After they're done, you might add the diplexers and combining "splitter" for this:
With 100' runs, I don't see a loss issue.
That looks like a great idea, VOS, now that I have extra cable runs since I can leave the SWM switches in the attic and just have splitters locally. I will do that after the D* guy leaves as he won't have a clue about this part.
I would make sure they only use 4-way splitters, as you don't need to have larger ones.
You might see if they will leave a spare 4-way, and then you'd only need the NAS 9501M diplexers. These are currently the only ones tested in this configuration, so it's worth the $6/ea. for them.
I just ran the numbers for every coax run being 100' and see almost 10 dB of headroom, so there shouldn't be a problem.

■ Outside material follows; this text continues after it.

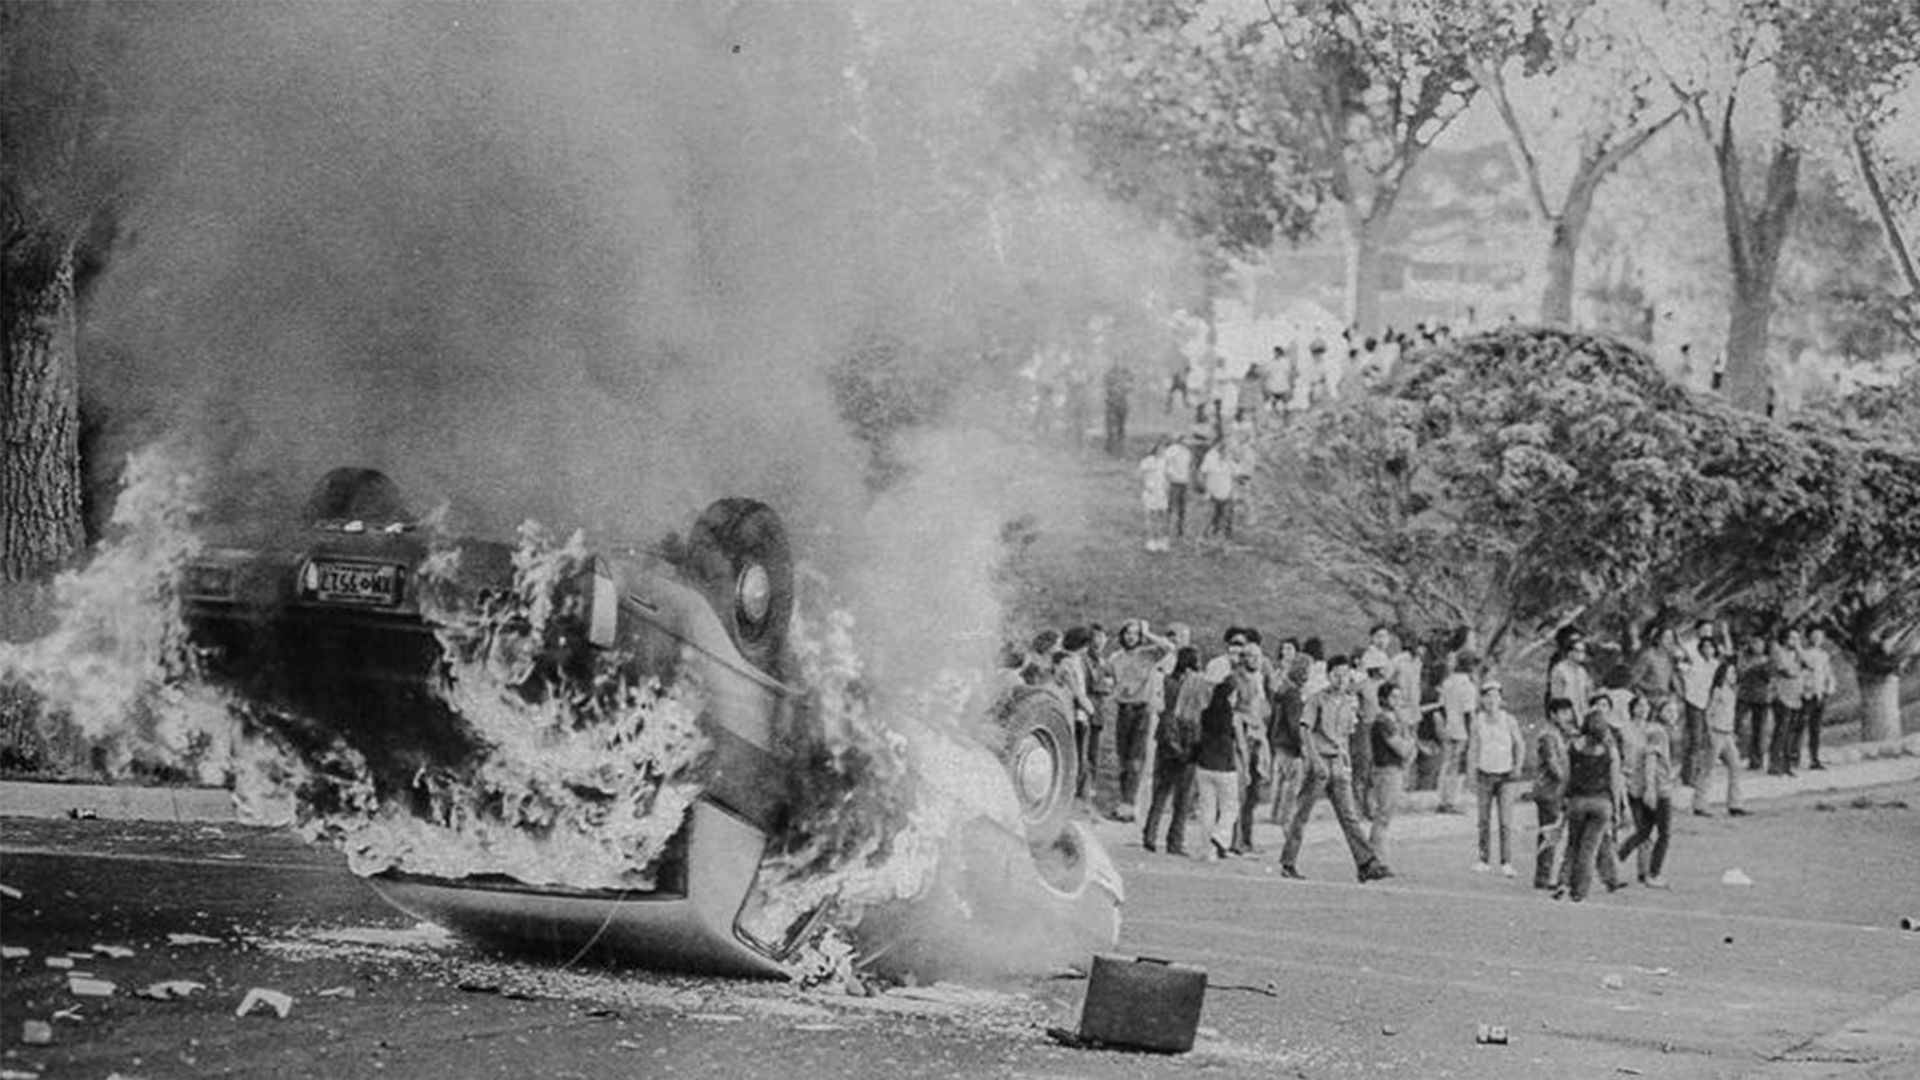 An overturned car burns as Mexican American demonstrators watch during a 1971 protest in Albuquerque.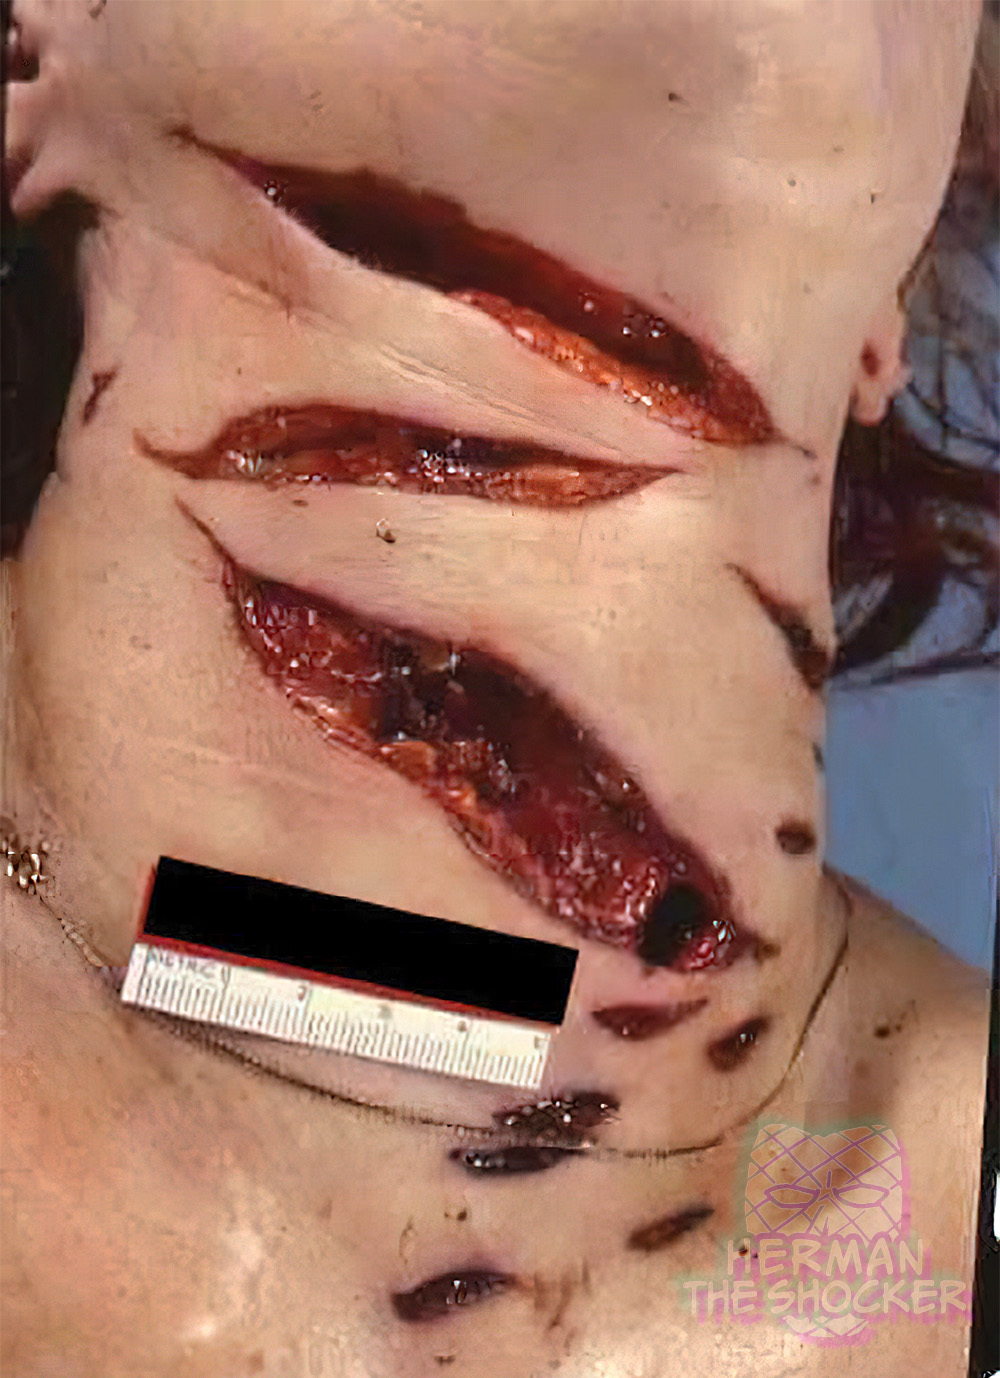 Homicidal incised wounds of the neck inflicted from the front

If or when you do this, it would be nice to get your feedback here:http://www.dbstalk.com/showthread.php?t=207005
Can't he go with one of the splitters being a 2 way for the one running the HR34 and still use the duplexes like you suggest?
If only two coax need to be connected, then sure a 2-way can be used.
The "main point" is to stay away from the 8-ways, as they have more loss and limit the coax lengths by at least 3 dB, and this doubles to 6 dB for the paths that would run through two.
And tell folks who don't "speak log" why a 3 or 6 dB loss is significant, please.
(I already know the answer but a lot of folks may wonder why to worry about such "small" numbers).
Very helpful stuff, guys. Thanks a bunch! Will report back Saturday.
"Speak log." That's priceless.
The "easy answer is" the power drops to 50%, or 25%.
What may mean more, in this case, is that the maximum end to end [between SWiMs] length of the coax, drops by 60' or 120'.
The cloud loss calculator here should help: http://www.dbstalk.com/showthread.php?t=207005
Vos here is another question I have offend wondered. In a situation like his, where he will put his swim 16 in the attic and then could run two wires to the closet ~100ft away and put the splitters there to feed the receivers only a couple feet from the splitter, would that be better than putting the splitters in the attic and then having the long runs come after the splitters?
Sure, it would use more copper. :lol:
"Loss wise" there's zero difference.
Loss: coax x dB + splitter x dB = splitter x dB + coax x dB
Interesting question. However, if that's the case, I would install the SWM local to the home theater. The data chase is full and I can't pull any additional coax in there easily so I am going to have to find a solution to use the existing coax, whether that means sending the splitter signal over the existing runs or the lines to the SWM.
EDIT: Just saw VOS's response - glad to hear there is no difference.
You can always count on veryoldschool for the best information. All I can add is, make sure you are using the right "green label" splitters and the NAS STD-9501M diplexers. Other splitters and diplexers won't give you the right isolation or combination.
That's what I wanted to know, if there was any difference loss wise. Good to know its the same, means more options that will have the same effect.
If there was, believe me, I would have posted it years ago. :lol:
You'll have "extra" coax not used to the theater room, right?
The CCK is best connected where the layout shows, so if it needs to be in the theater room, it would be good to use one of these "spare" coax to feed it.
Maybe I should put a nail/spike in this because all the testing has been done with these two items and "I will almost guarantee" if you don't use these, it won't work!!!
The wrong splitter will have too much loss and the wrong diplexer will have the SWiM sections interact in not so nicely ways!!!!
Thankfully this is not an issue because in my garage, above which the SWMs will live in the attic, I have a wireless access point which is hardwired to the network and has a 4 port switch on it that I can use to connect the CCK.
I am going to wait on ordering the diplexers until I see which arrangement I end up with on Saturday. I just hope I get an installer who will listen!